Considering the numerous natural disasters that have taken place in the United States within the last month, it is hard to imagine that one area of the country could be flooded with too much water, while another simply doesn’t have a desperately needed drop. California is currently experiencing terrible wildfires in its Napa and Sonoma counties – a beautiful place often referred to as “wine country.”

According to an article published by the San Francisco Gate, hundreds of homes and businesses have burned – forcing many to evacuate their homes.  Napa and Sonoma Counties are currently in a state of emergency, (as declared by Governor Brown). According to another article, the fires ignited on Sunday night and have been fast moving with little warning over where it threatens next. The fires could have serious repercussions on the community and the state resulting from damaged crops and a loss of revenue, not to mention the numerous homes and businesses that have gone up in flames.

Perhaps one of the most frustrating things about the wildfires in California is just how many times they have occurred in recent memory. We have gained tremendous insight into managing emergencies from the frequency of the California wildfires. For example, the Incident Command System was developed from managing these types of disasters. The damage from these fires, however, is substantial and devastating.

The United States has a few policies in place to help manage wildfires at the local, state and federal levels of government and also has a few policies in place to help mitigate them. The frequency of these events makes one ponder whether there’s more that could be done to prevent wildfires. Do we have enough policies in place to prevent them? Could our emergency management budgets possibly be to blame?

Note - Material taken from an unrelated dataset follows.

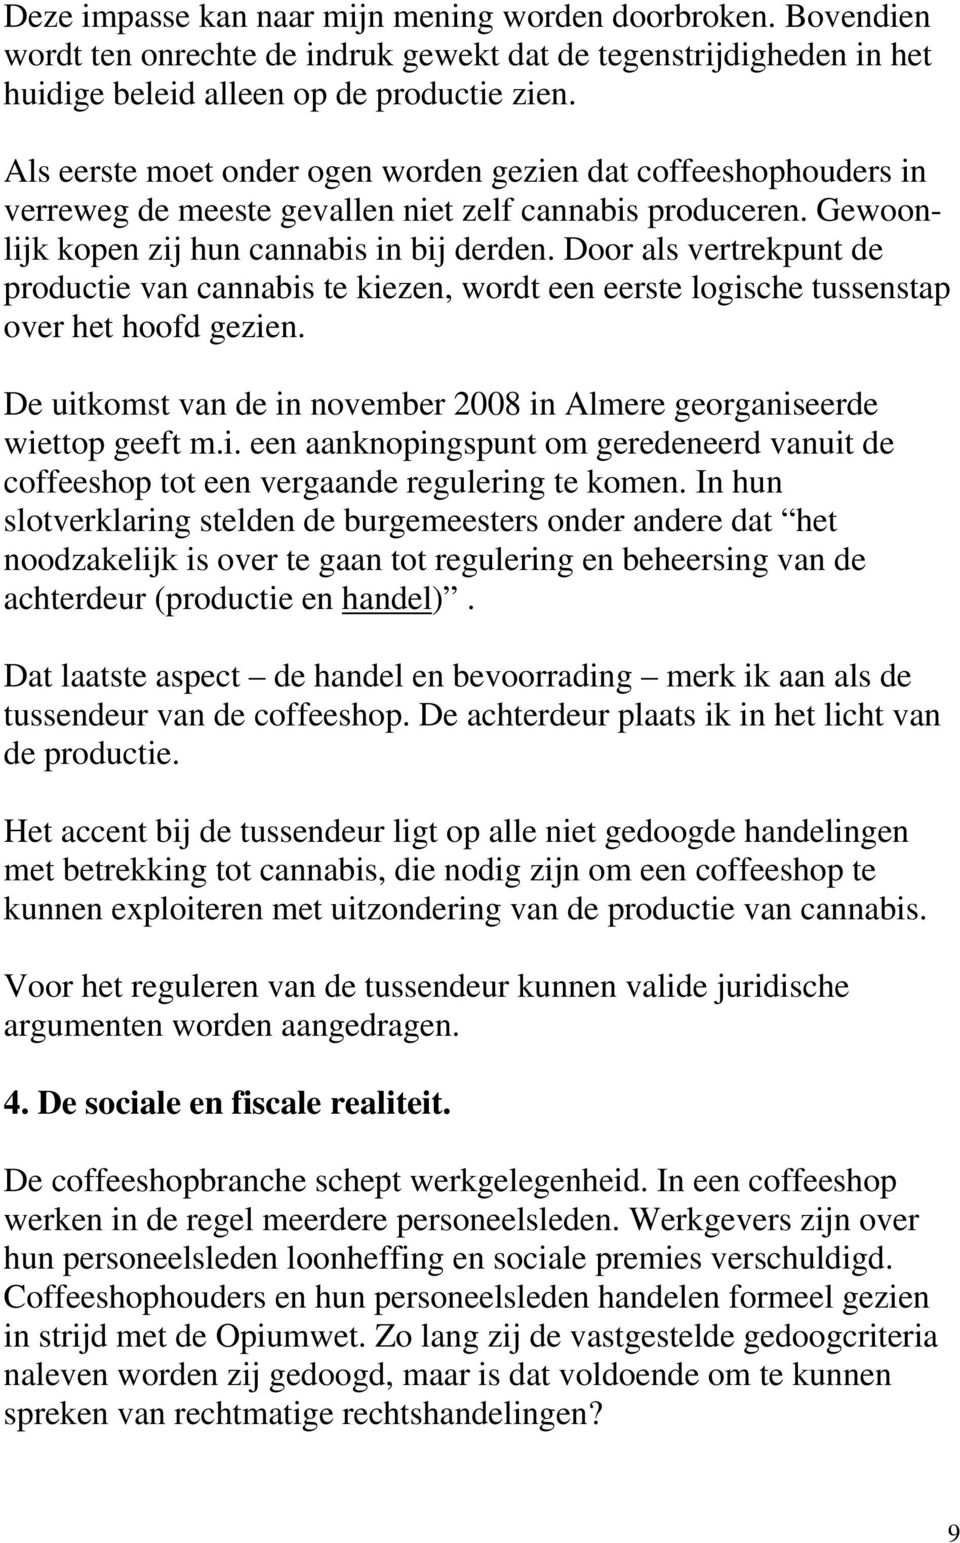 Door als vertrekpunt de productie van cannabis te kiezen, wordt een eerste logische tussenstap over het hoofd gezien. De uitkomst van de in november 2008 in Almere georganiseerde wiettop geeft m.i. een aanknopingspunt om geredeneerd vanuit de coffeeshop tot een vergaande regulering te komen.

The California Wildfires have happened with such frequency that they’ve changed the way emergency management is handled in the United States. Wildfire Mitigation has also changed how we mitigate fires by working to eliminate some of the most flammable sources from property and land. Fire breaks have also been successful in preventing a fire from continuing and causing greater damage.

Policies and Wildfires

Policies have had a tremendous impact on working to help manage and mitigate wildfires. But, wildfires still happen with such frequency that government officials should be asking the question, “what else can be done to help prevent this?”  Emergency managers often have a good idea of what they need to effectively manage all of their emergency management programs – programs that also include mitigation efforts. The Forest Service recently published an article entitled, The Rising Cost of Wildfire Operations: Effects on the Forest Service’s Non-Fire Work. The report highlights how the costs of fighting wildfires has gone up, and what these effects are to the environment. A recent EDM Digest article explains that the budget for fighting wildfires is becoming tight in Montana, particularly as the fires are becoming more frequent. Wildfires are expensive – just like many other types of emergency situations, but the frequency may be creating a major headache for local and state budgets.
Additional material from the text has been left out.